Как надо бороться, чтобы победить?
Наверное, так…
Говорят, за звёздными огнями
День и ночь гремит военный гром:
Михаил-архистратиг с воями
Против князя тьмы с его числом…
Я о том доподлинно не знаю —
Знаю только: здесь вот, на земле,
Тьма на свет идёт, на знамя знамя, —
И сверкают молнии во мгле.
… Как они рассеяны печально,
Силы света. Но за ними – Свет!
Он их соберет, и не случайно
Им дарует торжество побед.
Тем убедительнее будет эта победа, чем более сплотятся «силы света», к которым поэт причисляет всех любящих Россию, верующих людей, несущих духовный свет.
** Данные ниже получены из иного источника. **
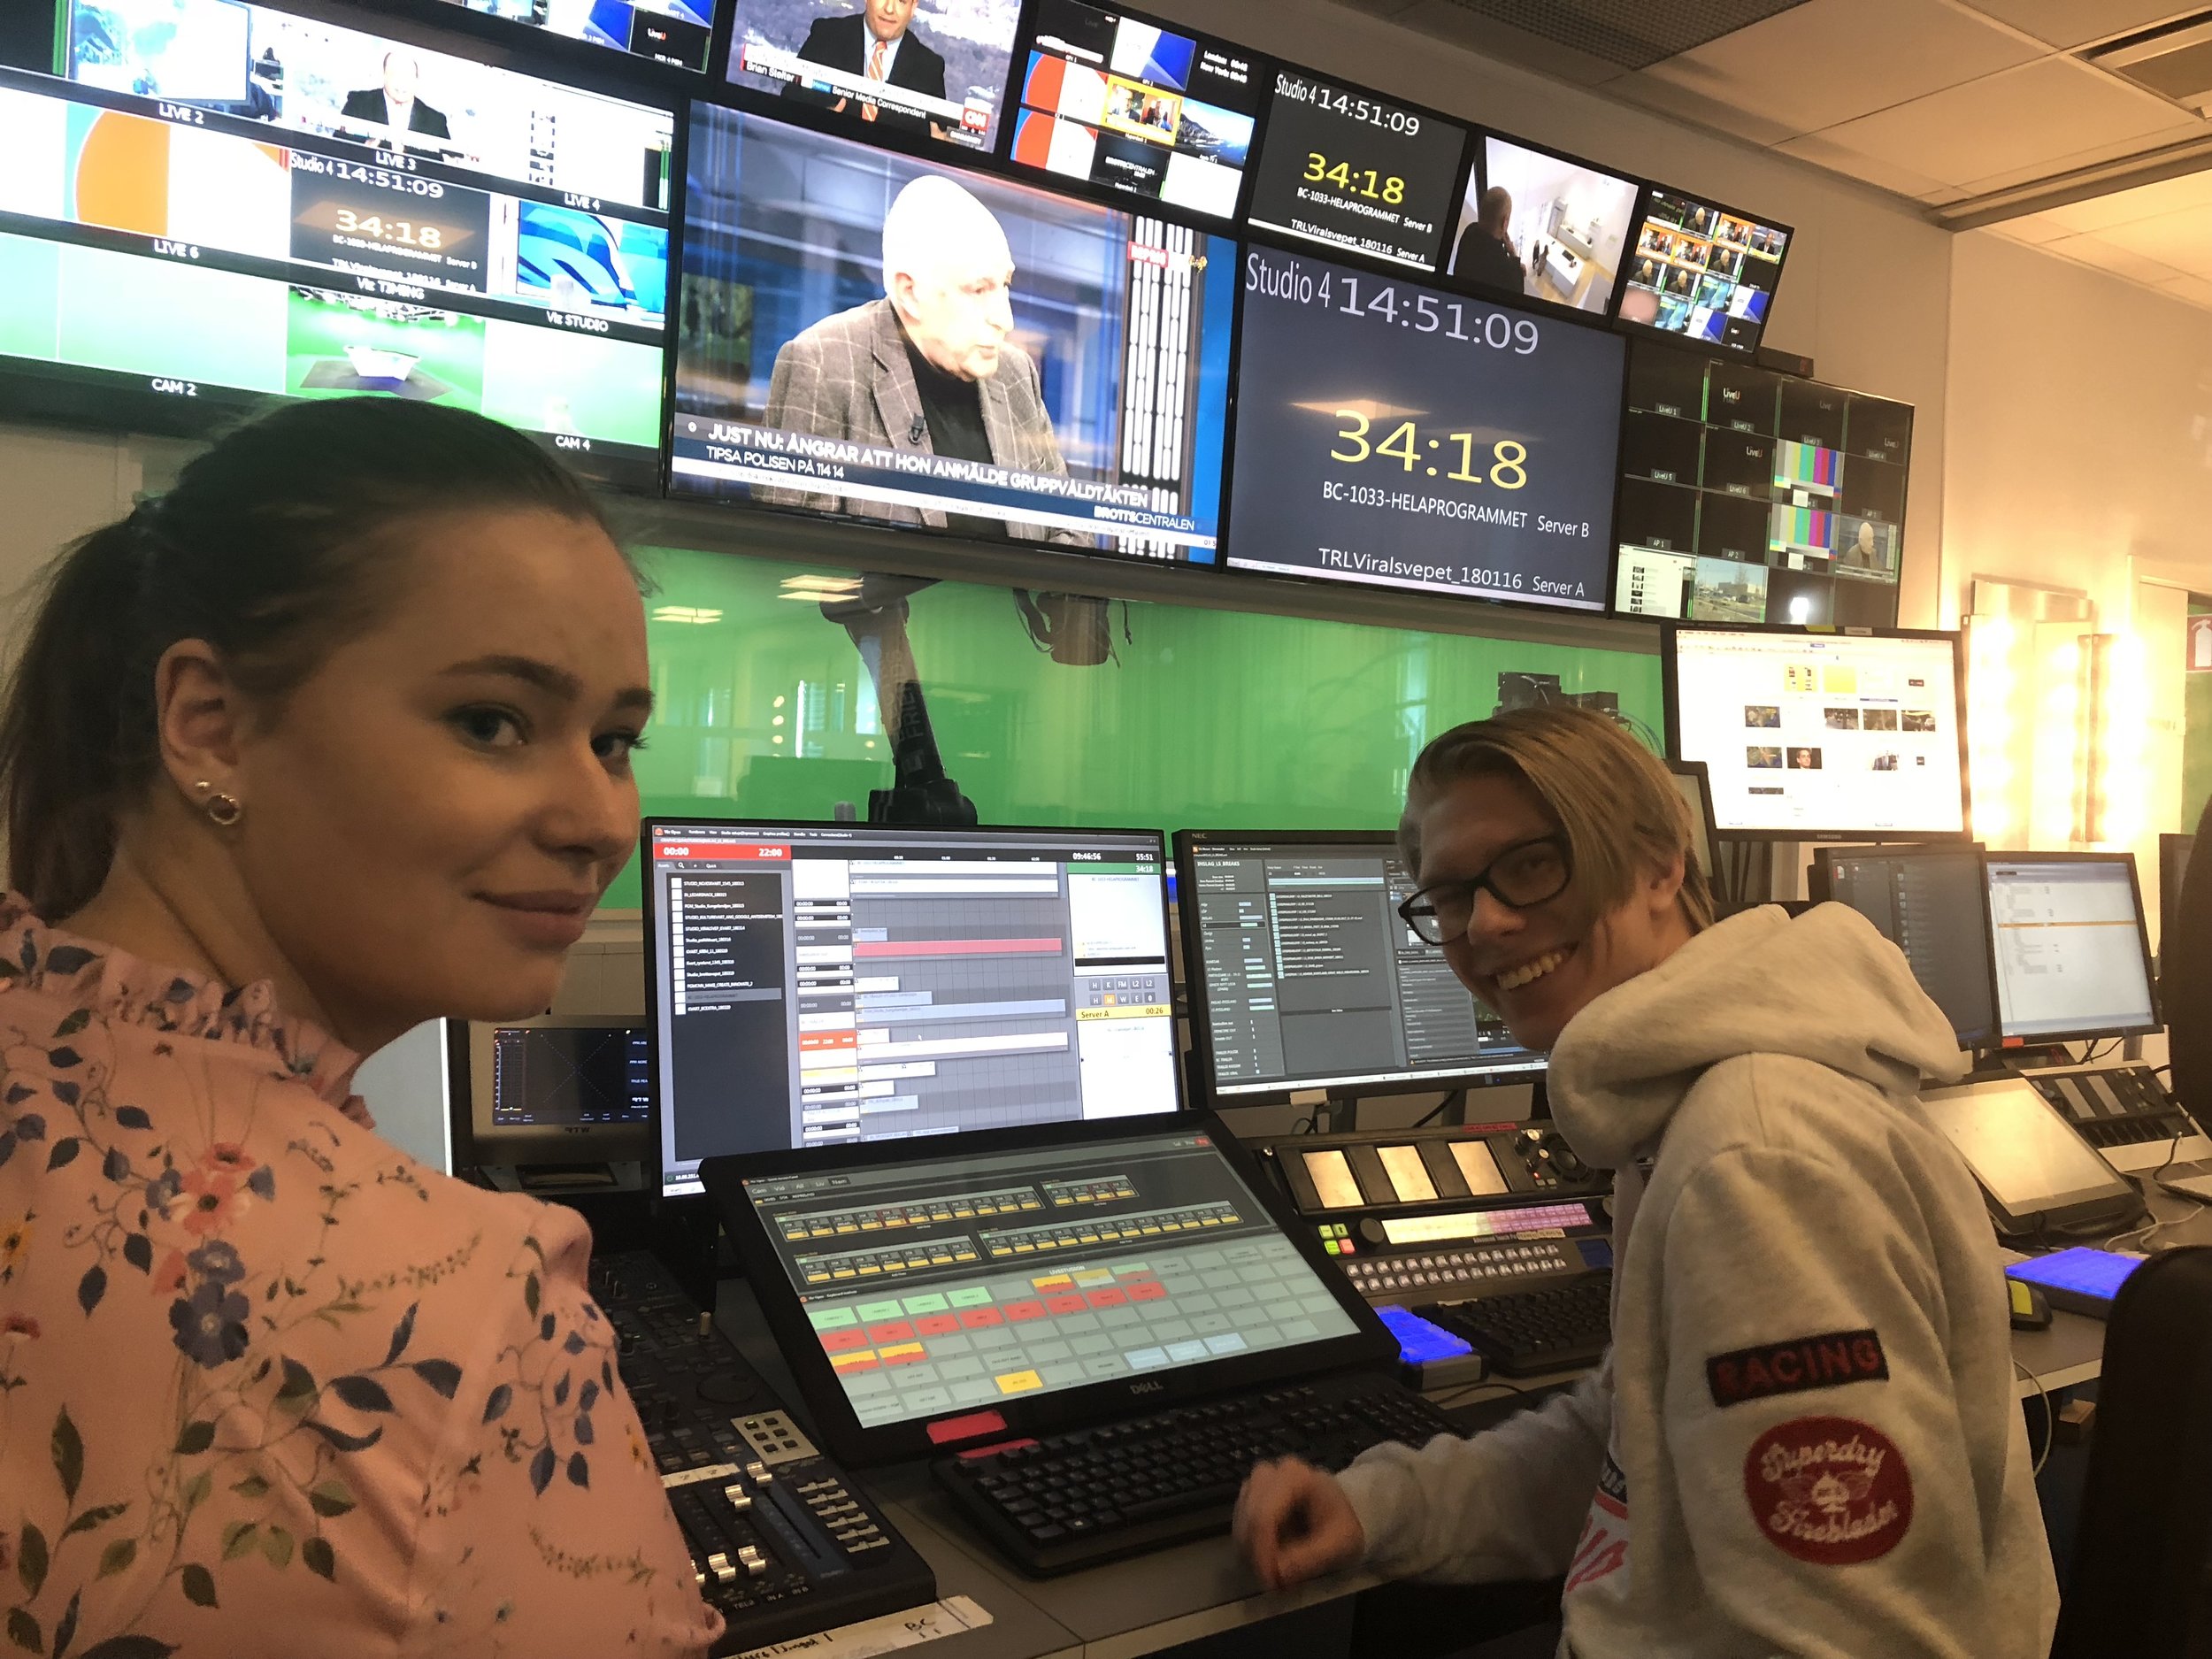  Anna Larsson och Fredrik Svensson gjorde LIA på Expressen som sändningsproducenter hösten 2018.

Правда, духовный свет отдельной, даже глубоко религиозной личности – не когерентный, не согласованный с другими, обладает мощностью невеликой. Но она может быть многократно усилена упорядочиванием, сближением духовных усилий людей. Процесс сближения происходит в Церкви, в Предстоянии пред Божиим ликом, на литургии, в любви к Родине и в служении ей. Много помогает духовному совершенствованию, сплочению сил духовной рати стихи Геннадия Иванова, исполненные веры в Бога, в Россию и в человеческие силы.